The capital flowing through best-efforts placements at the micro-cap segment is a fundamentally different market: smaller, more dilutive, more episodic, more reliant on retail-influenced investor demand. Platform-level capital strategy should not be confused with the financing patterns of pre-commercial licensors.
For counsel structuring synthetic royalty notes. Synthetic royalty bond placements (including those done under Rule 144A) sit between the two ends of the spectrum.
The 2024 to 2026 cohort suggests that synthetic royalty notes backed by single-asset royalty streams (the Indevus, NPS, PDL templates) and notes backed by diversified portfolios (the Royalty Pharma template) both clear the bond market, but the placement structure differs.
Single-asset notes more frequently use 144A private placement with a banded or minimum-maximum subscription structure. Portfolio notes use firm commitment. The choice is driven by the underlying asset risk profile and the available investor base, not by the placement agent's preference.
Counsel structuring a new synthetic royalty note should benchmark to the closest comparable transaction by asset profile rather than to the most recent transaction by date.
The verdict
Best-efforts placements are the dominant equity financing structure for the licensor population that originates pharmaceutical royalty streams, but they impose a structural cost on the royalty stack at the originator level that few buy-side models price correctly.
Each step leftward on the spectrum from firm commitment to pure best-efforts lowers the licensor's capital certainty, raises the per-dollar dilution, raises the per-share warrant overhang, and raises the probability that the issuer arrives at the royalty financing table with a depleted balance sheet and a complicated capitalization.
The 2024 to 2026 placement cohort shows that the modal mid- and late-stage pre-revenue licensor finances itself through repeated best-efforts placements at progressively declining size, with a stable set of micro-cap focused placement agents using highly standardized fee structures.
The population of clean firm-commitment-eligible issuers is small and concentrated in the platform tier (Royalty Pharma, Healthcare Royalty, the largest mid-caps). Below that tier, best-efforts is the only available structure.
For royalty financiers, the practical response is to read the placement agency agreement in addition to the royalty agreement, to model post-money capitalization with full warrant exercise, and to require placement-agent waivers as a closing condition where the tail period overlaps the royalty financing.
For licensors, the practical response is to evaluate whether non-dilutive royalty monetization could substitute for the next planned best-efforts equity raise. The answer is increasingly yes.
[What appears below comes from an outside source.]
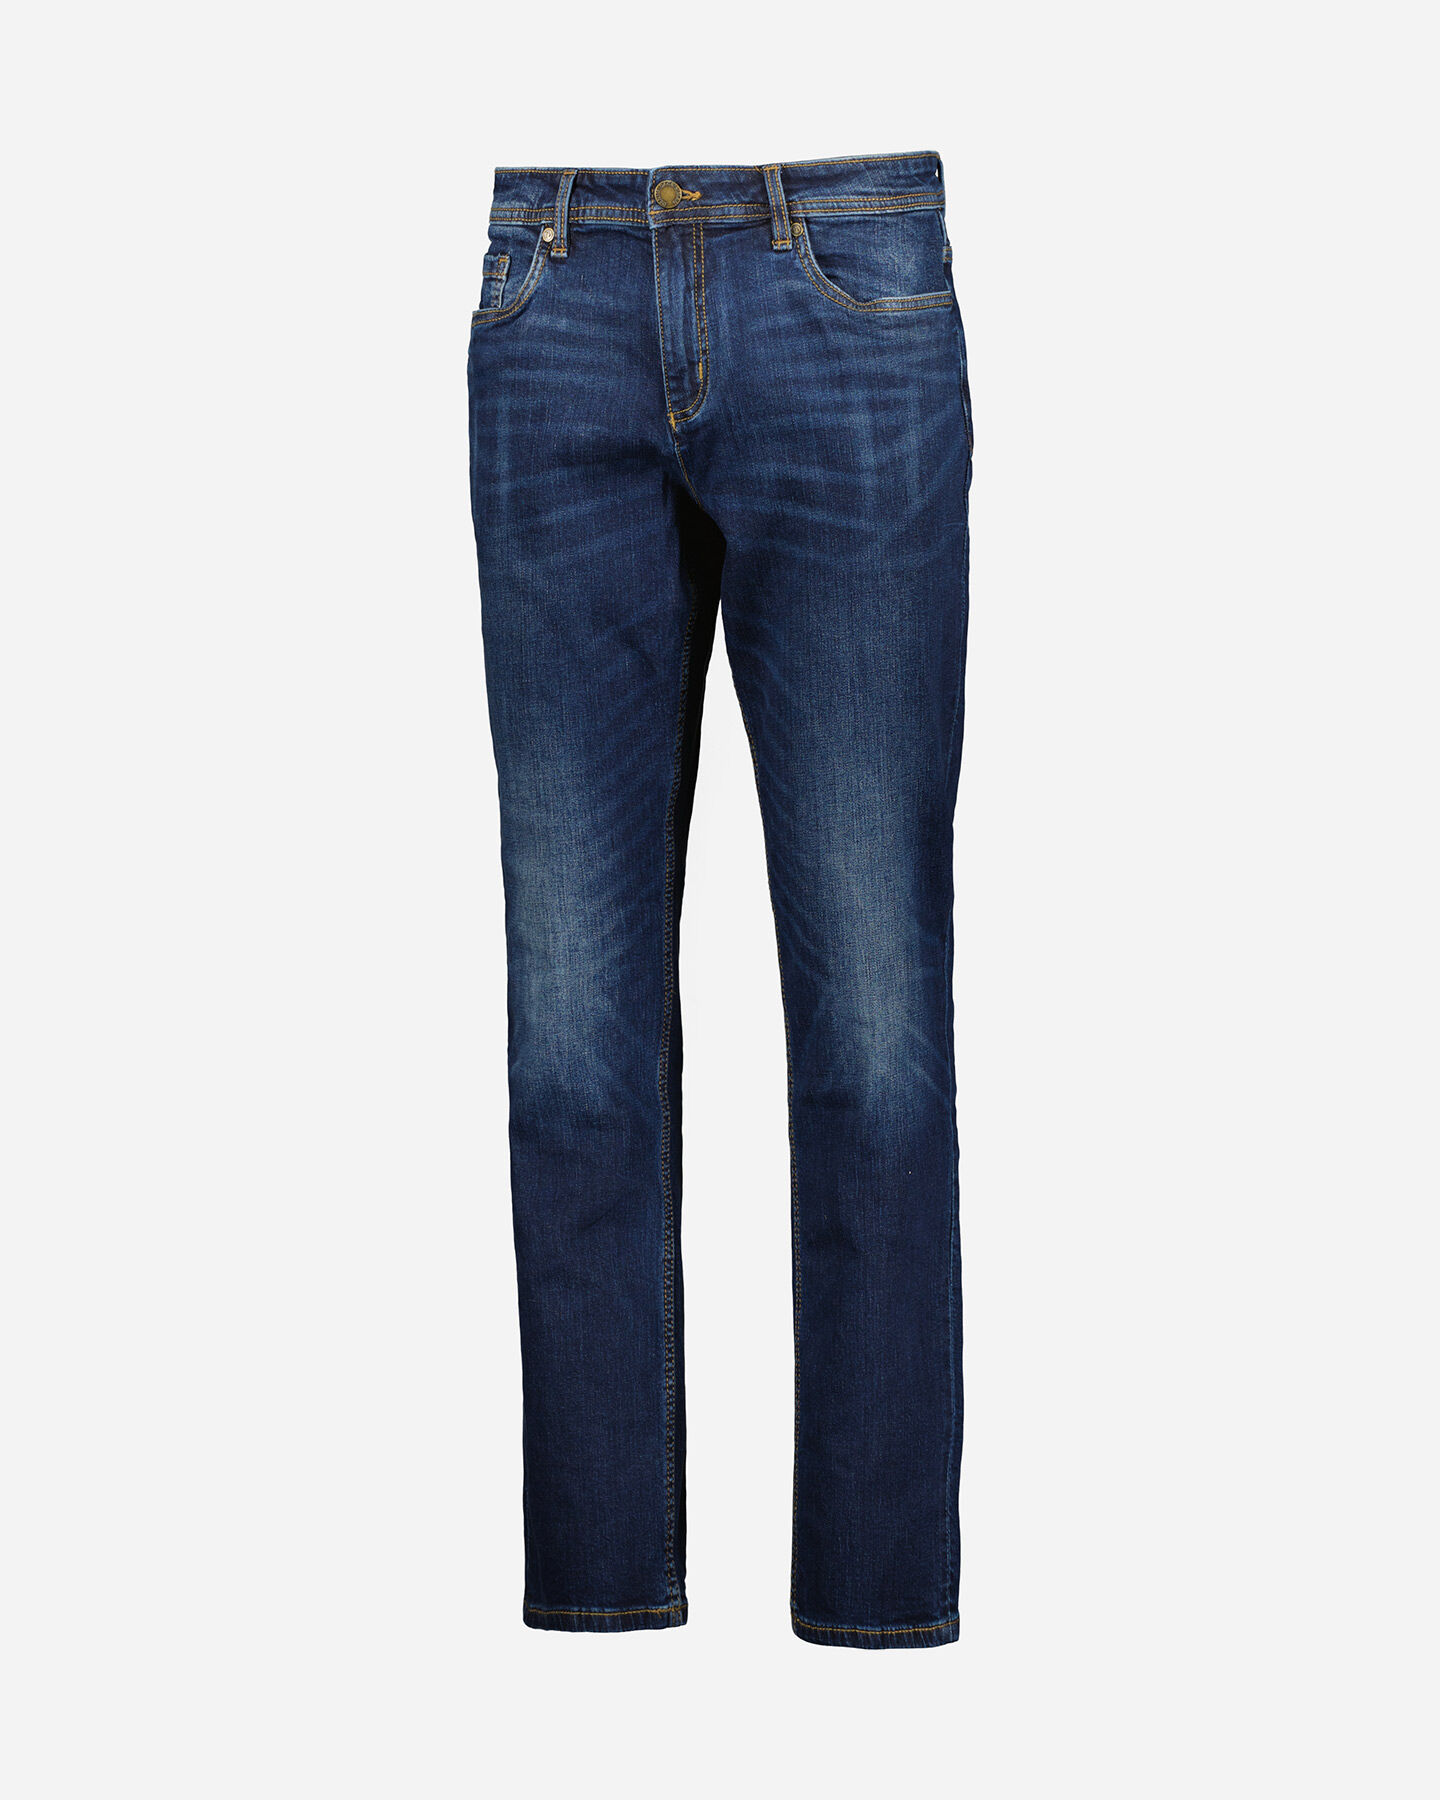  Jeans DACK'S CASUAL CITY M S4106781|MD|52 scatto 4

For counsel, the practical response is to draft tail provisions narrowly, to draft ROFR provisions to exclude royalty transactions explicitly, and to draft change-of-control triggers in royalty agreements with full warrant dilution in mind.
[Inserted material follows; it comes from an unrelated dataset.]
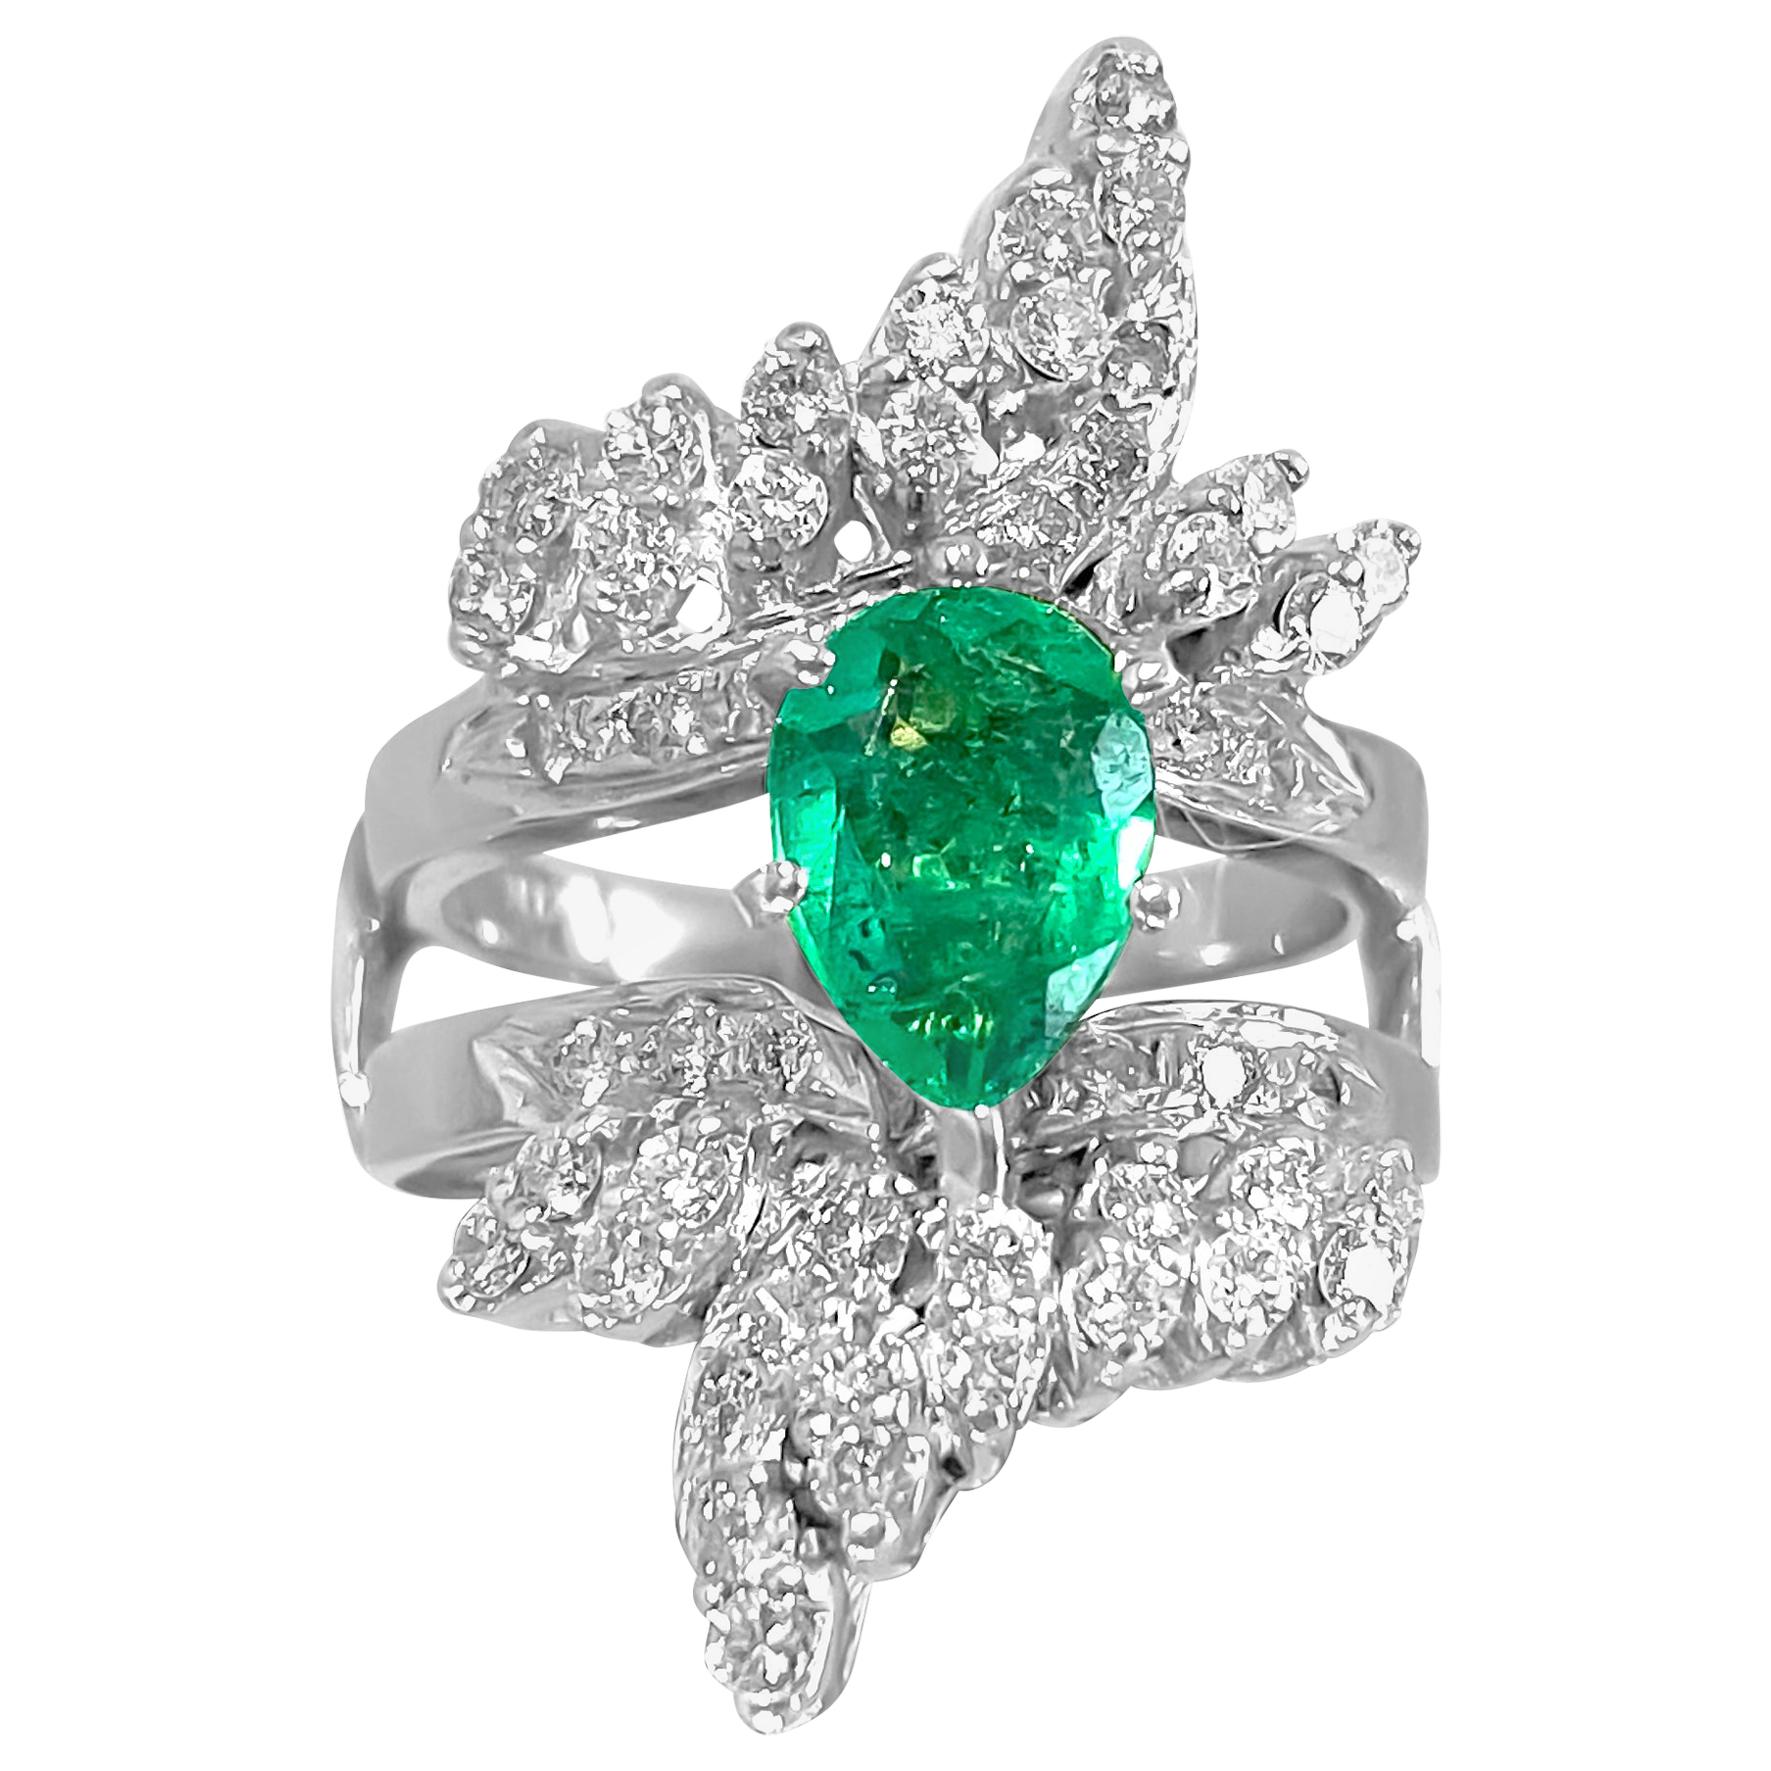 5.50 Carat Colombian Emerald Diamond Cocktail Ring 14 Karat White Gold For Sale

The next two to three years of pharmaceutical capital formation will reveal whether the best-efforts equity treadmill that has characterized the micro-cap segment since 2023 gives way to broader royalty monetization adoption among pre-revenue licensors. The volume of royalty deals signed in 2025 to early 2026 suggests it is beginning to.
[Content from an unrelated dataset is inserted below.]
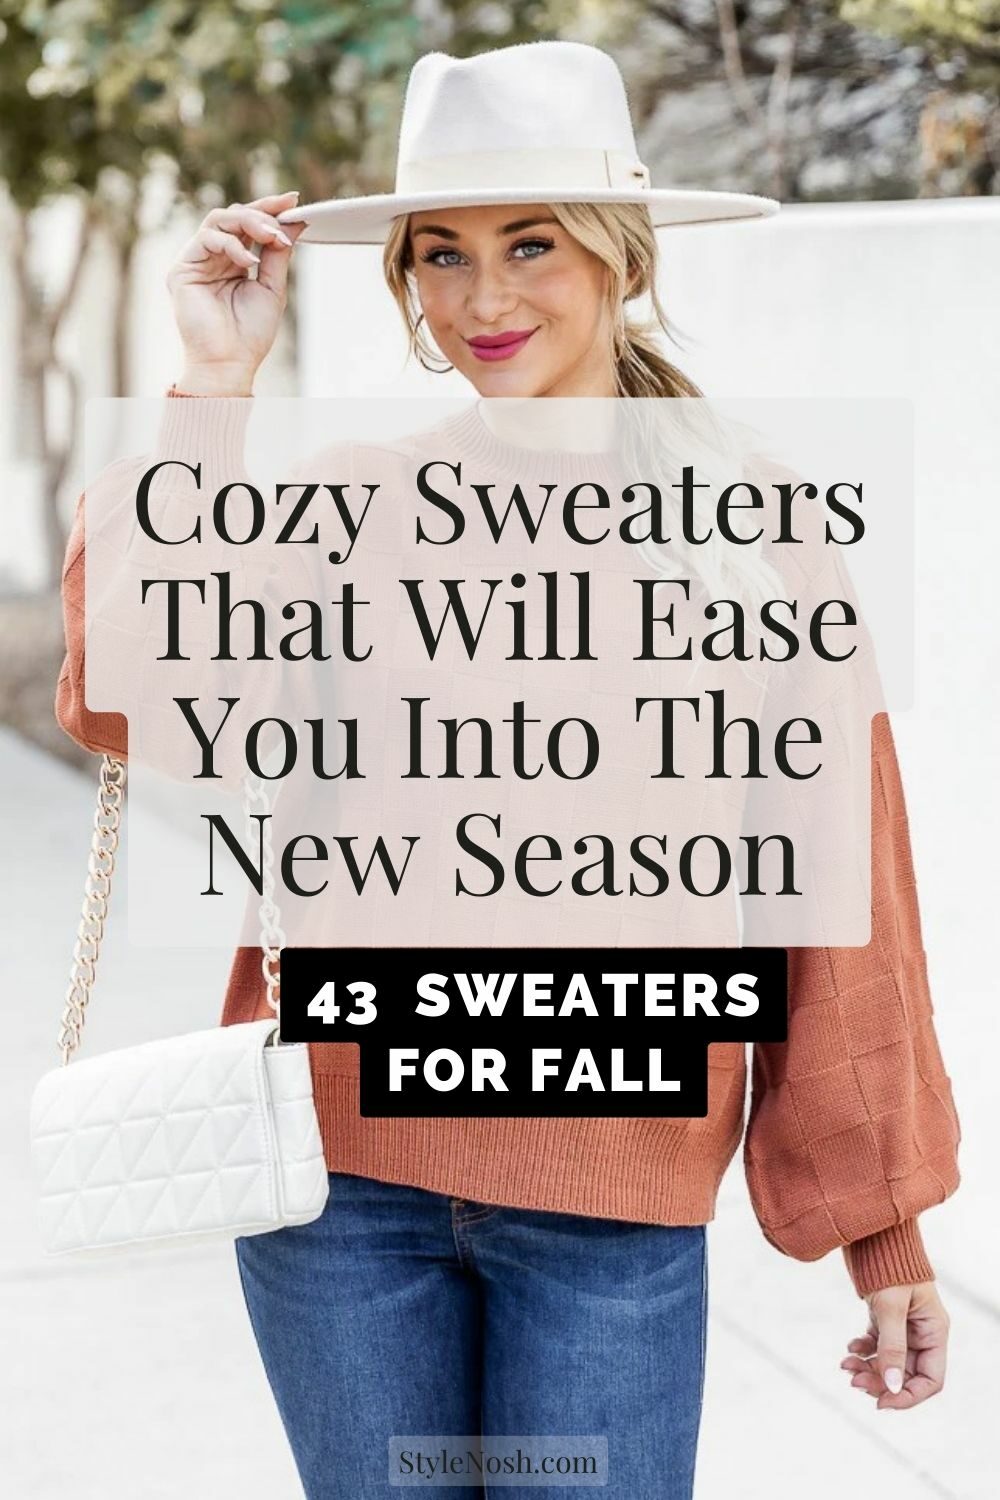 Cozy Sweaters For Fall That Will Ease You Into The New Season

The structural advantages of royalty financing over repeated best-efforts equity (non-dilutive, no warrant overhang, no tail encumbrance, capital certainty at signing) are substantial enough that the shift, once it gathers pace, is unlikely to reverse.
This article reflects publicly available information as of May 2026. It does not constitute investment, legal, or tax advice. Mechanics and structural details described are derived from SEC filings, FINRA rules and notices, placement agency agreements, and published bond offering memoranda. Royalty financiers, licensors, and counsel evaluating specific transactions should rely on the underlying contracts and counsel. This content is for informational purposes only and does not constitute investment, legal, or financial advice. The author is not a lawyer or financial adviser.